Why does the test feel harder than my normal typing?

Random word sequences are harder than familiar context. Your real-world typing speed is typically 10–20% faster than your test score.

This is completely normal, and there's a straightforward reason for it.

Context and prediction

When you type an email, message, or document, your brain knows roughly what it's going to say. Context cues let you anticipate the next word before you've finished the current one. This predictive pre-loading speeds up your fingers — you're executing a plan, not reacting to each new word.

In a randomized word test, every word is unpredictable. Your brain must read the word, recognise it, retrieve the motor program, and execute it — all without any predictive shortcut. This extra cognitive step slows most typists down by 10–20%.

Unfamiliar words

Standard word banks contain common English words, but not words you necessarily type often.
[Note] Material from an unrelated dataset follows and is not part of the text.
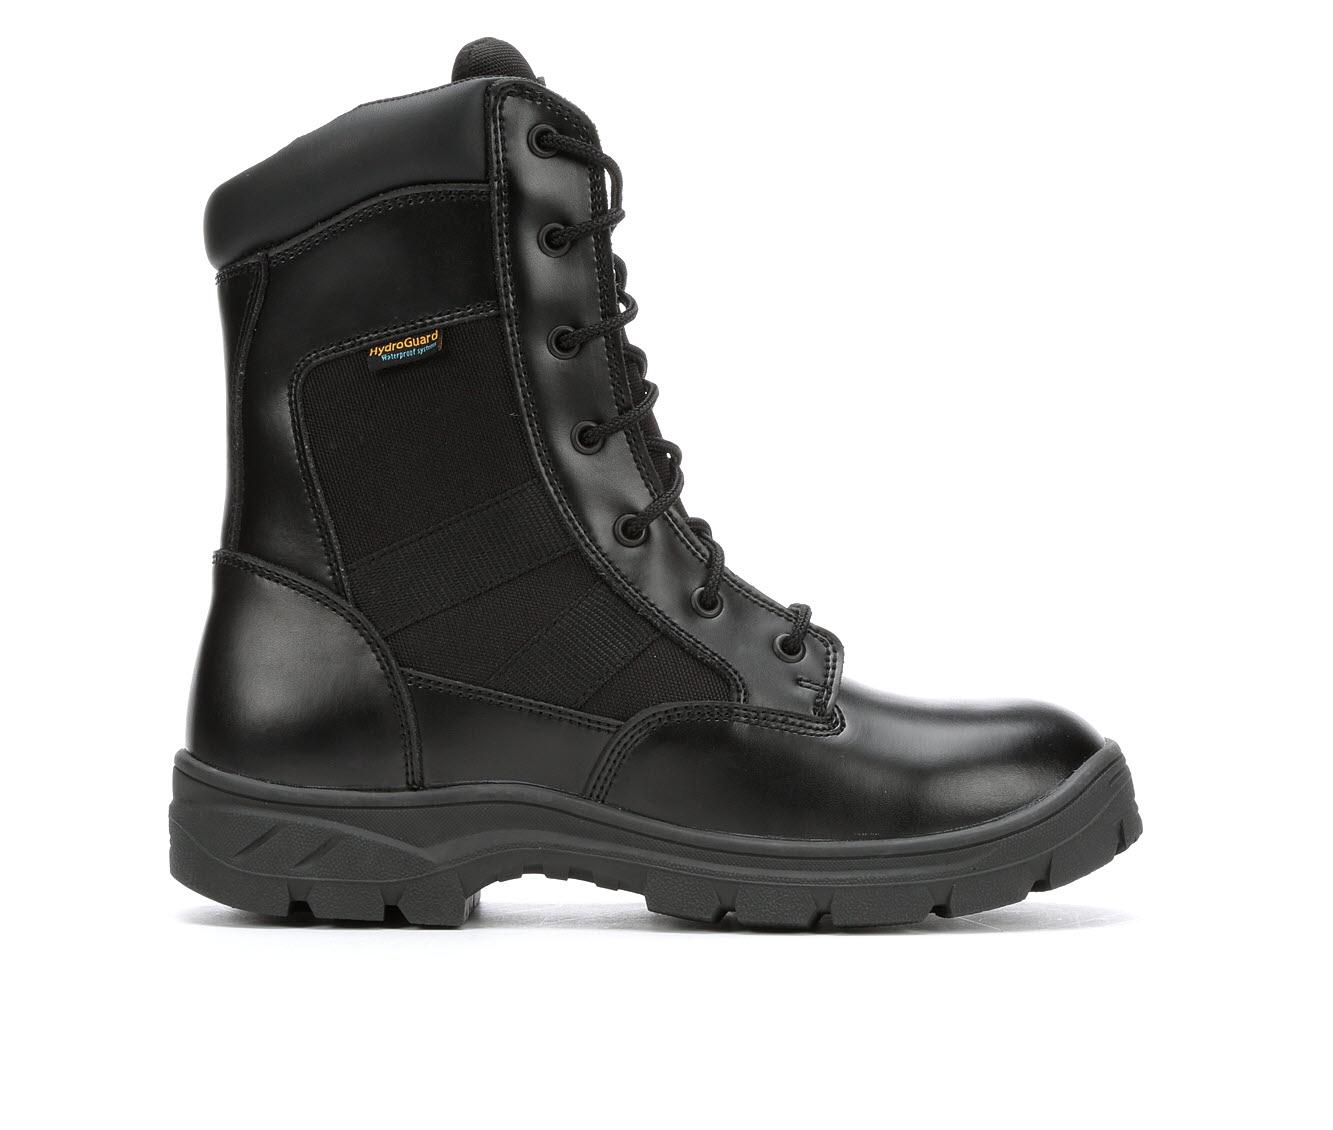 Skechers Work Athas Zip Waterproof 77514 Men's Boots (Black Leather)

A marketing writer might type "strategy" many times a day and have a very fast motor program for it — but encounter "glib" or "wren" in a word test and slow right down. Your test score reflects general vocabulary coverage, not your specific professional vocabulary.

What this means for improvement

Improving your test score improves your real-world typing, because you're expanding and reinforcing the motor programs for a wider range of words. Your real-world typing speed is an easier ceiling to hit — improving your test score lifts both.

If you want to specifically improve speed for your actual work vocabulary, use custom text mode with your own documents.